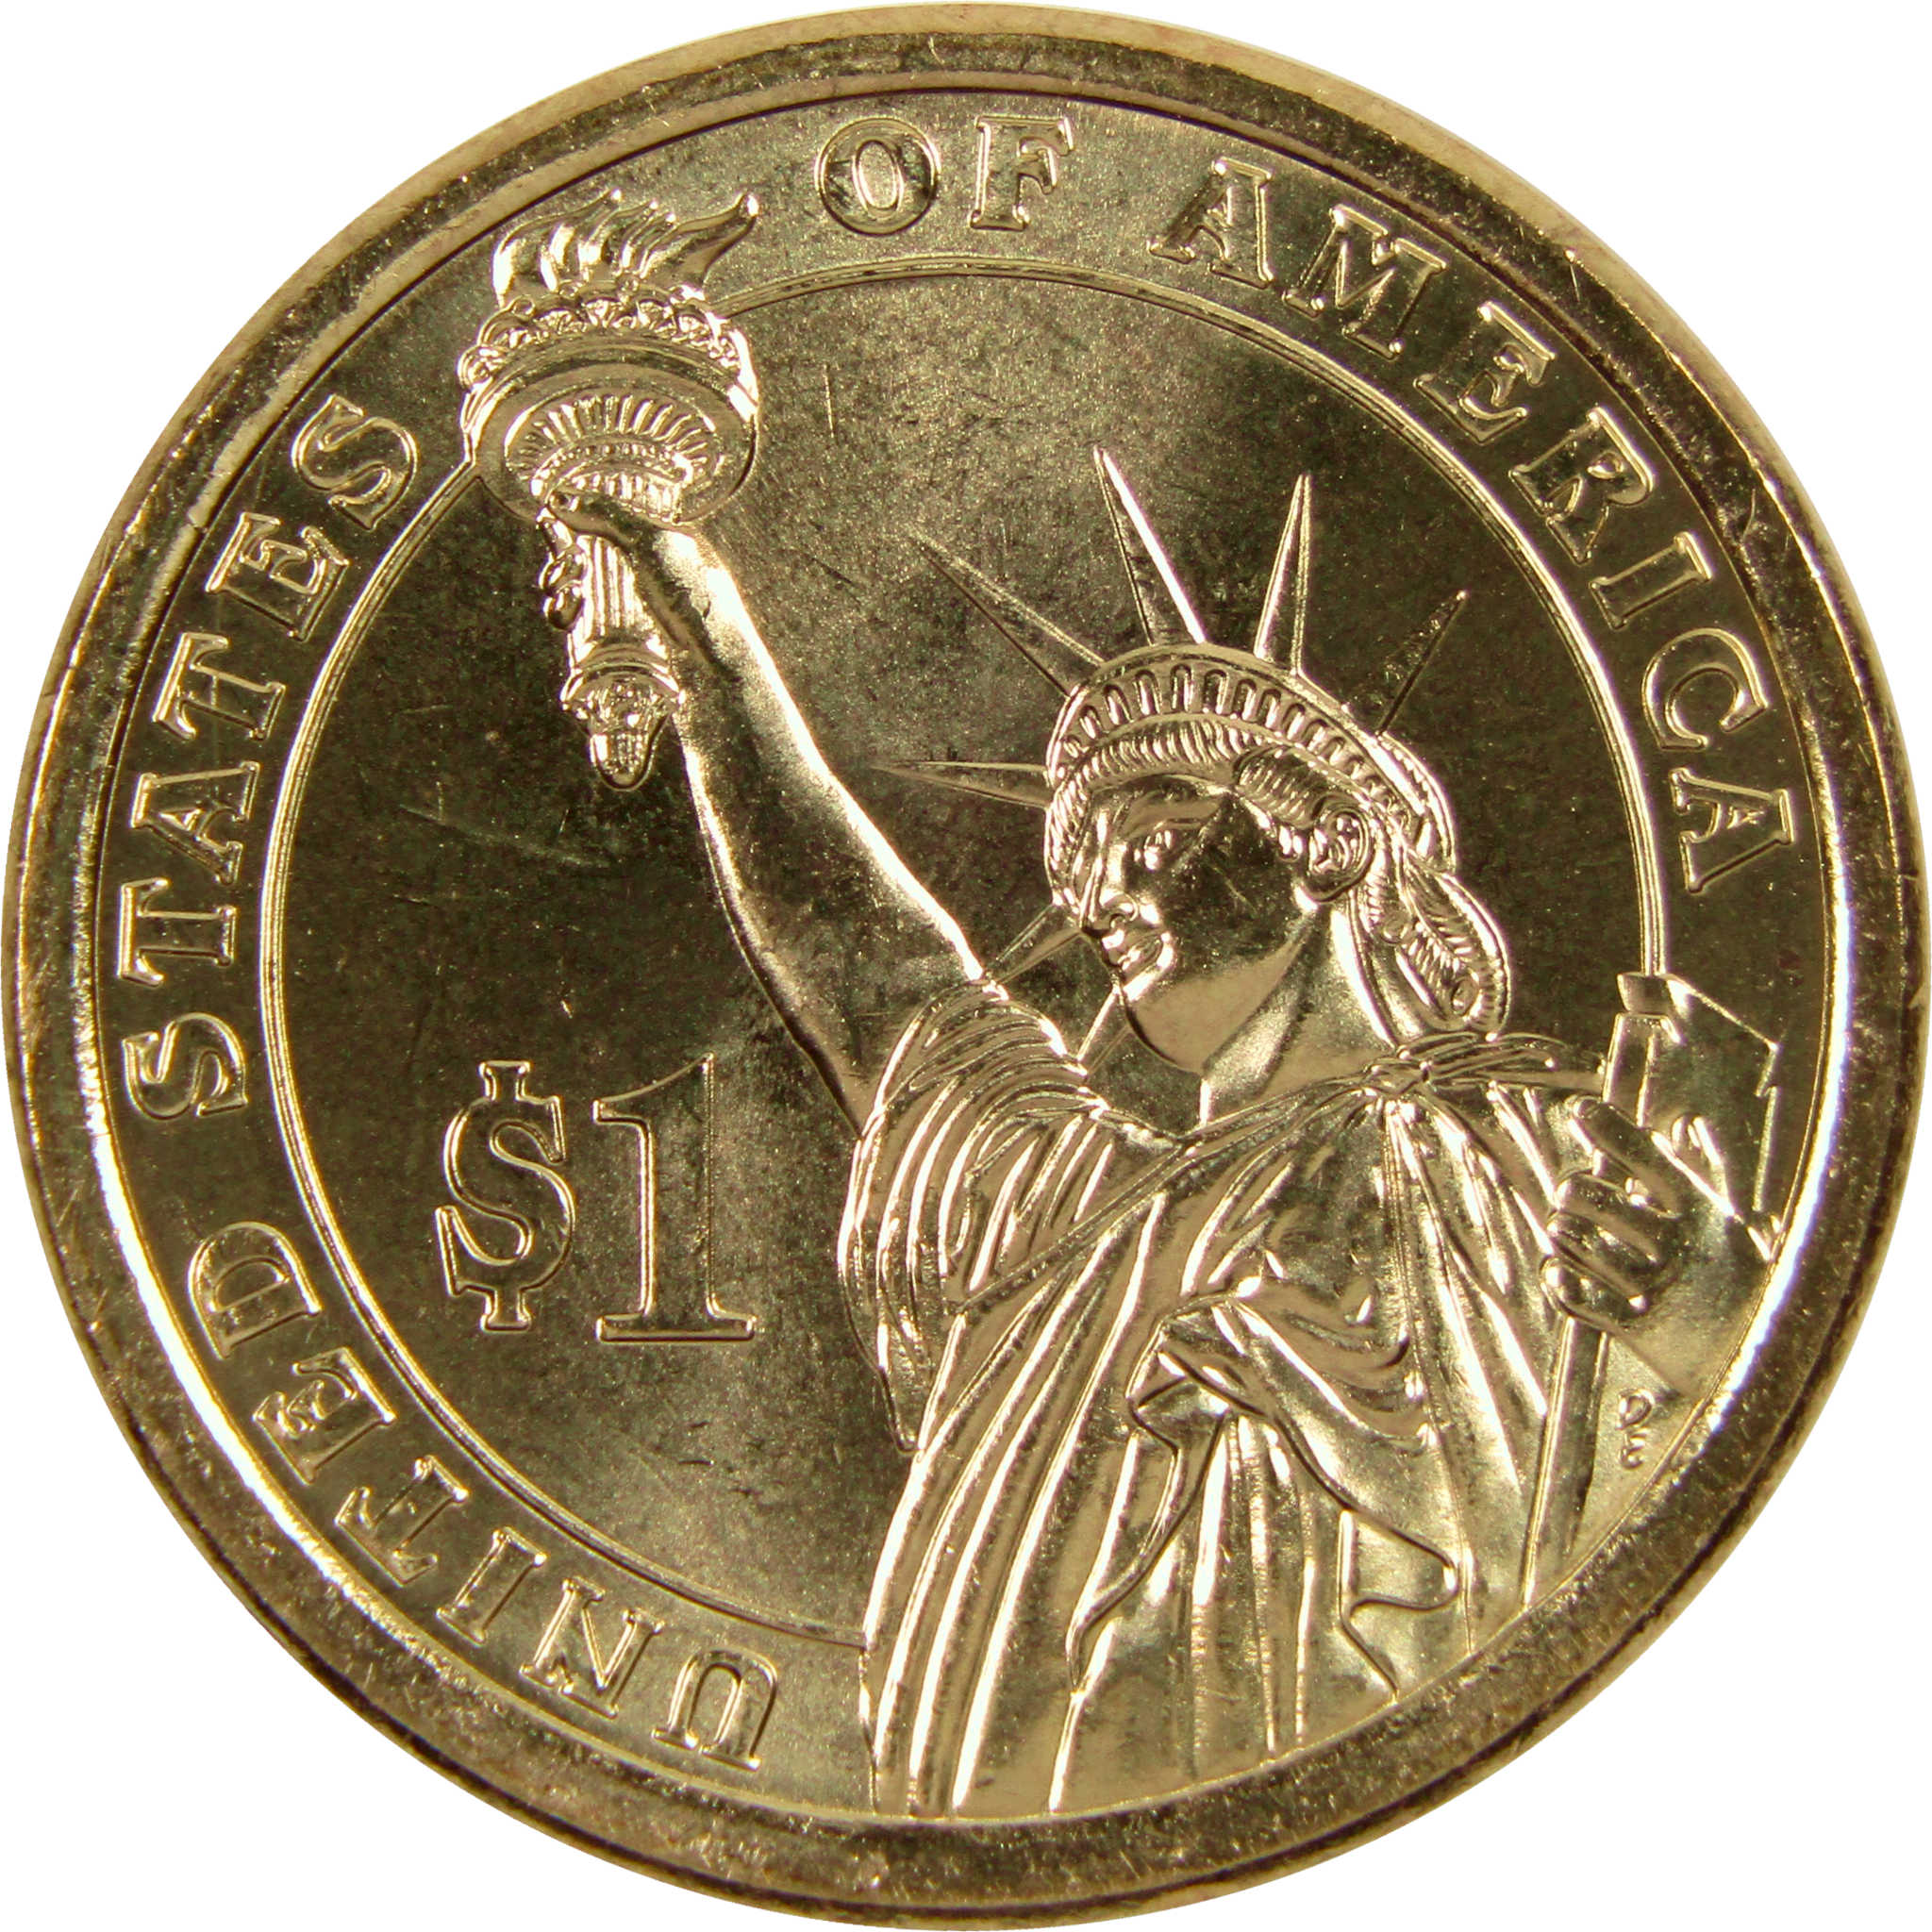 2007 P James Madison Presidential Dollar BU Uncirculated $1 Coin
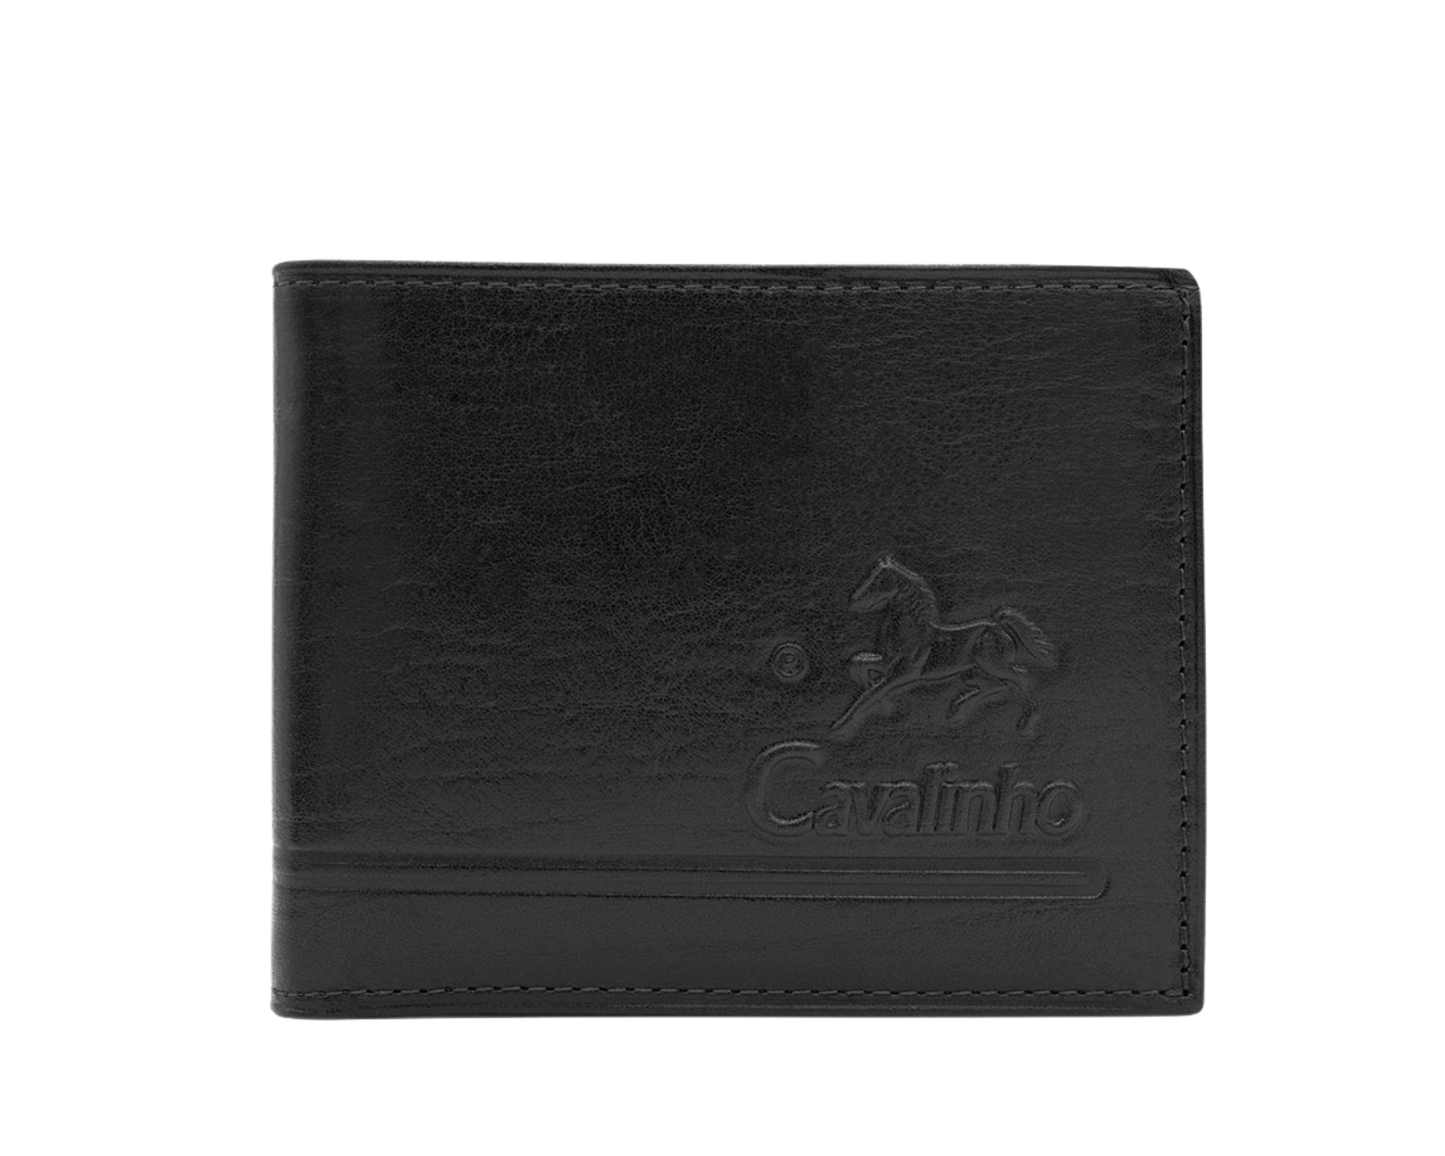 Cavalinho Men's Trifold Leather Wallet - Black - 28610505.01_P01
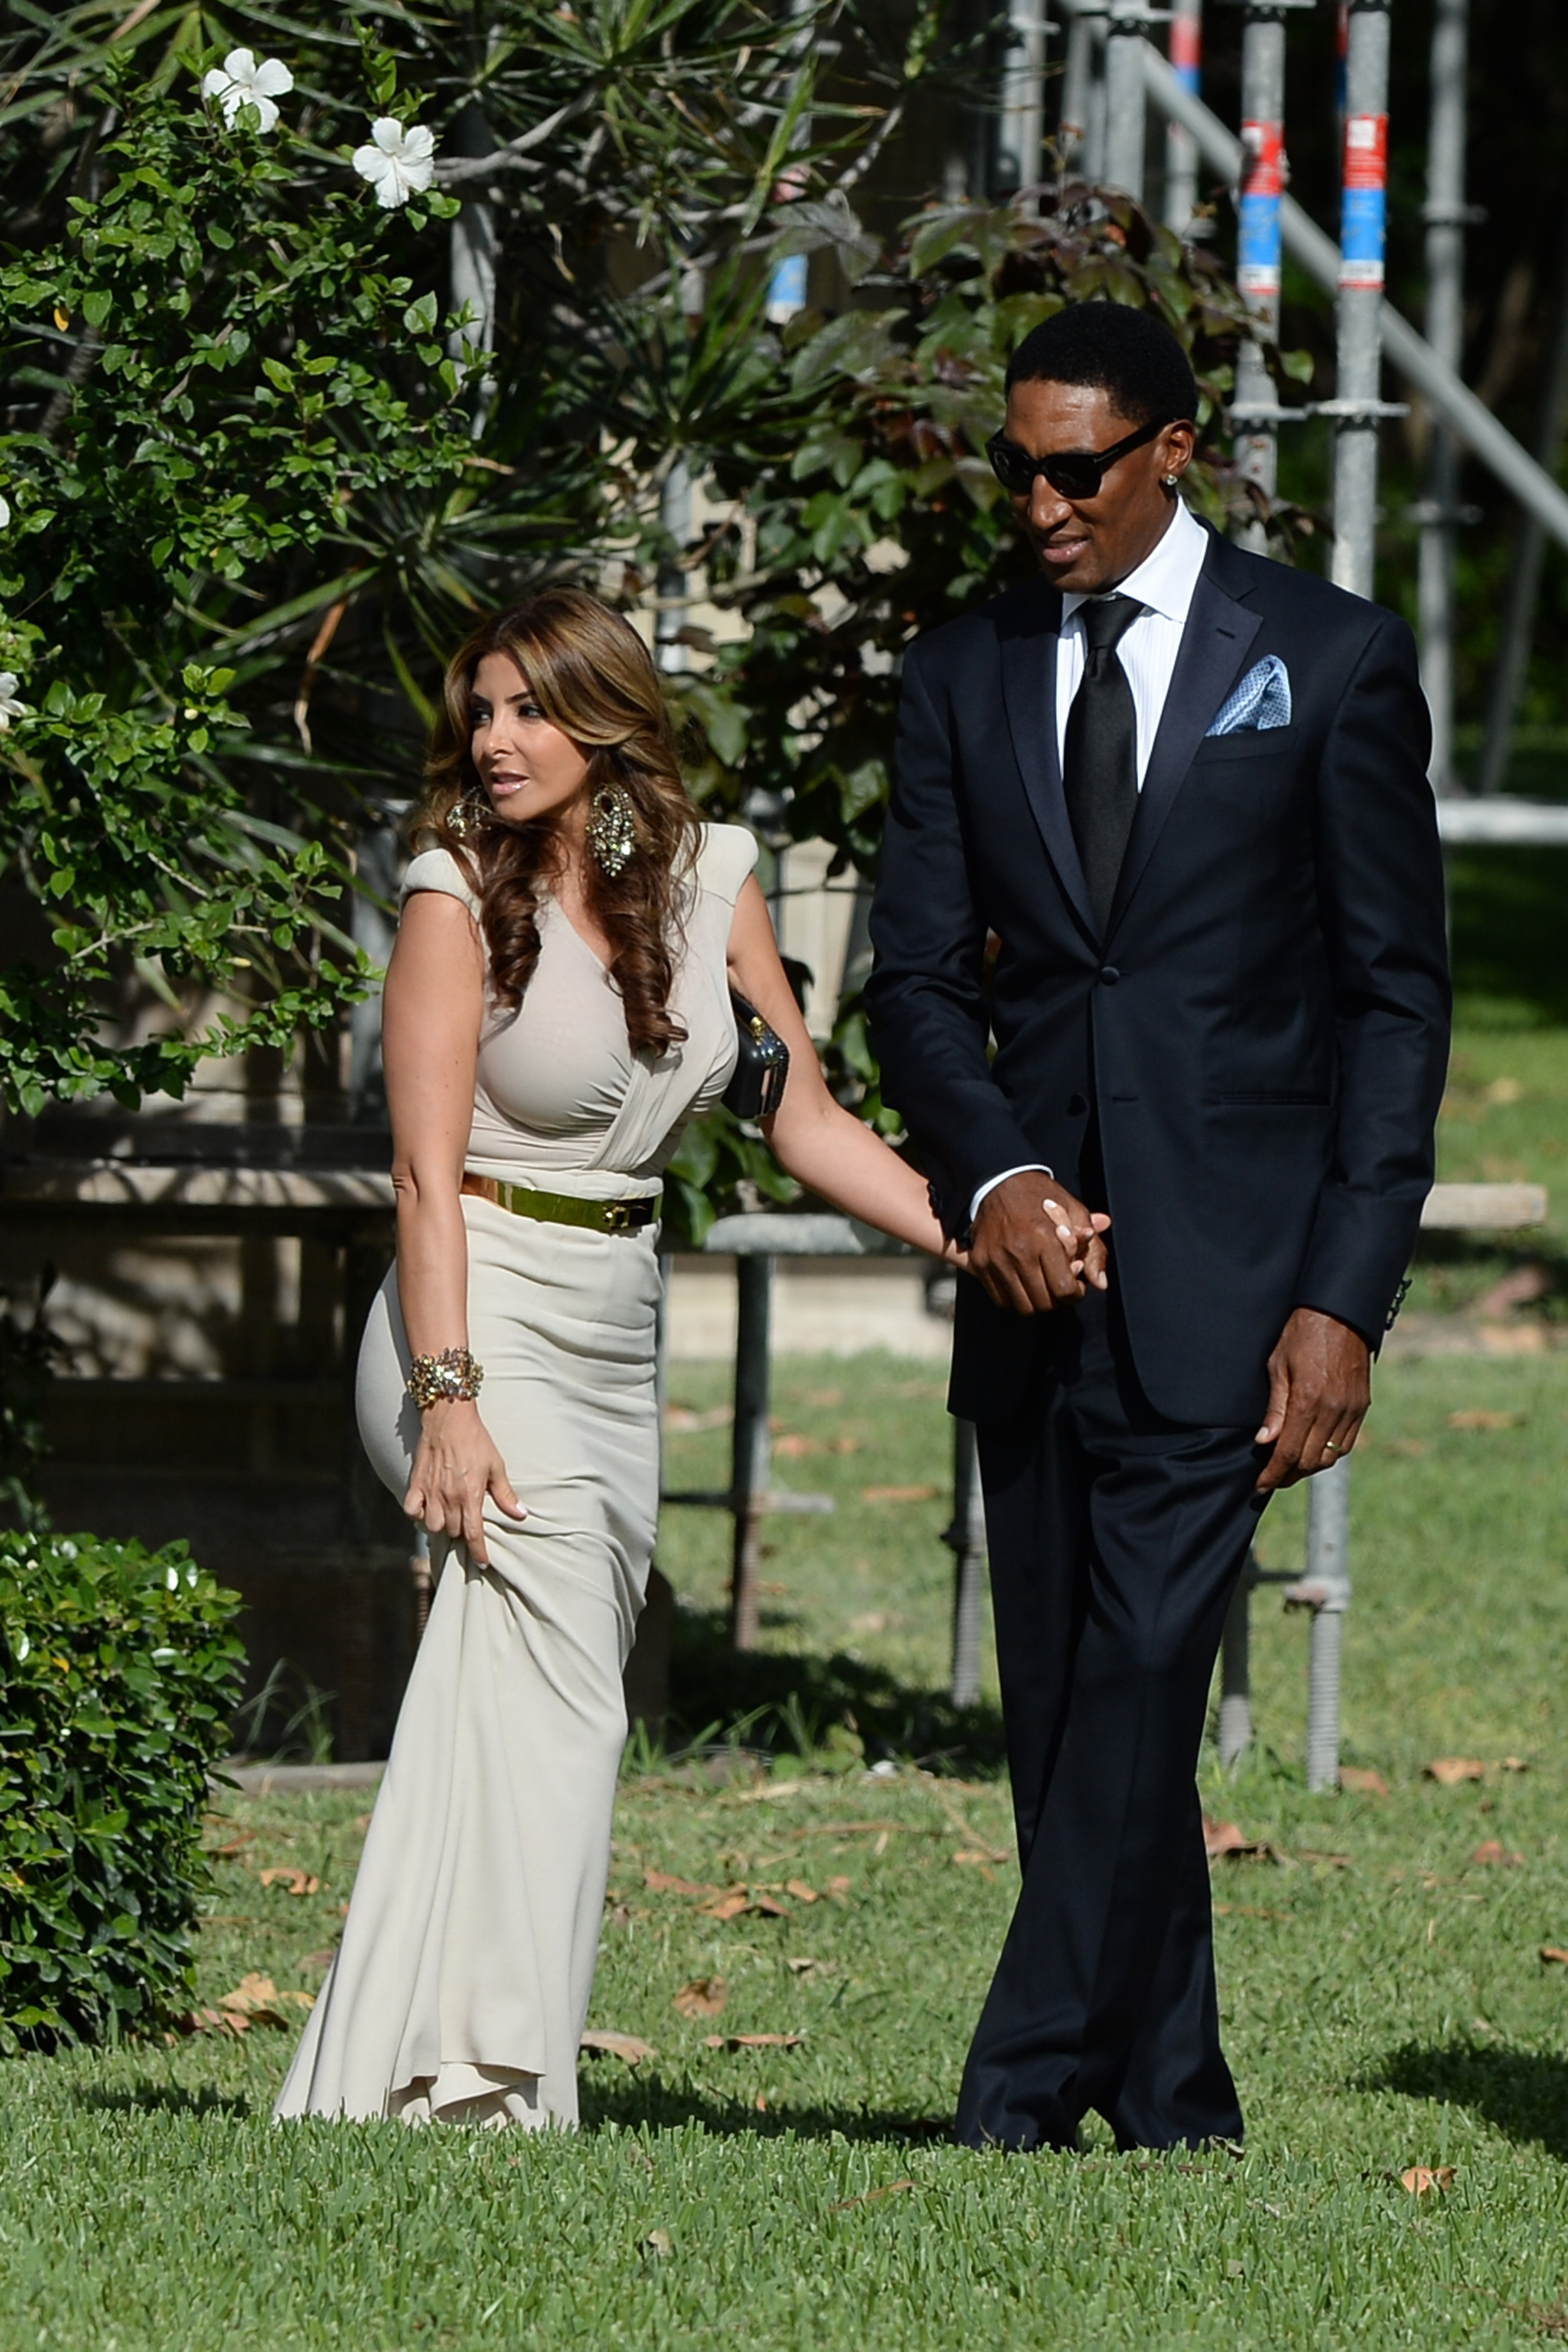 Michael Jordan Marries Long-Time Girlfriend Yvette Prieto In Front Of Family, Friends ...
++++++++
§ **Exercise description**:
Write out the whole listing exactly, with no pictures.

§ **Your response**:
 2007 P James Madison Presidential Dollar BU Uncirculated $1 Coin
 Cavalinho Men's Trifold Leather Wallet - Black - 28610505.01_P01
 Michael Jordan Marries Long-Time Girlfriend Yvette Prieto In Front Of Family, Friends ...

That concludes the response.